[WORK INSTRUCTION]:
Could you set down exactly the lines in the records below between the line holding "ガソリンゲートウェイ形容詞PEACE WAVE 日焼け止め" and the line holding "967.710 HEINE Damen", inclusive?

[DATA LISTING]:

--- START ---

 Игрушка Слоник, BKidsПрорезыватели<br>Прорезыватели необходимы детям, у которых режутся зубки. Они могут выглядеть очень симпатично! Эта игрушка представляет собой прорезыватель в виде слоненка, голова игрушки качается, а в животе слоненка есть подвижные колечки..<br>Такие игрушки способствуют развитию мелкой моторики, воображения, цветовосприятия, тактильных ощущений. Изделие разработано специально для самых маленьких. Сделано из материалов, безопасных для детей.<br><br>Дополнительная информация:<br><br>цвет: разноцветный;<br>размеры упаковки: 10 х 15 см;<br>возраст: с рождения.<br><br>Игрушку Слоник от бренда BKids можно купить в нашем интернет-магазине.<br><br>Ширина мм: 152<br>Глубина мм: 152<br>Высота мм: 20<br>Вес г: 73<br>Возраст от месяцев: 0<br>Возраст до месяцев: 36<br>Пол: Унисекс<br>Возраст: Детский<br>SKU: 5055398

--- END ---
--- START ---

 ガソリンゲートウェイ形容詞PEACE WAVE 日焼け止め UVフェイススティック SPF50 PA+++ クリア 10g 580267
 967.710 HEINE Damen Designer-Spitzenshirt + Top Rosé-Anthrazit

--- END ---

[OUTPUT]:
 ガソリンゲートウェイ形容詞PEACE WAVE 日焼け止め UVフェイススティック SPF50 PA+++ クリア 10g 580267
 967.710 HEINE Damen Designer-Spitzenshirt + Top Rosé-Anthrazit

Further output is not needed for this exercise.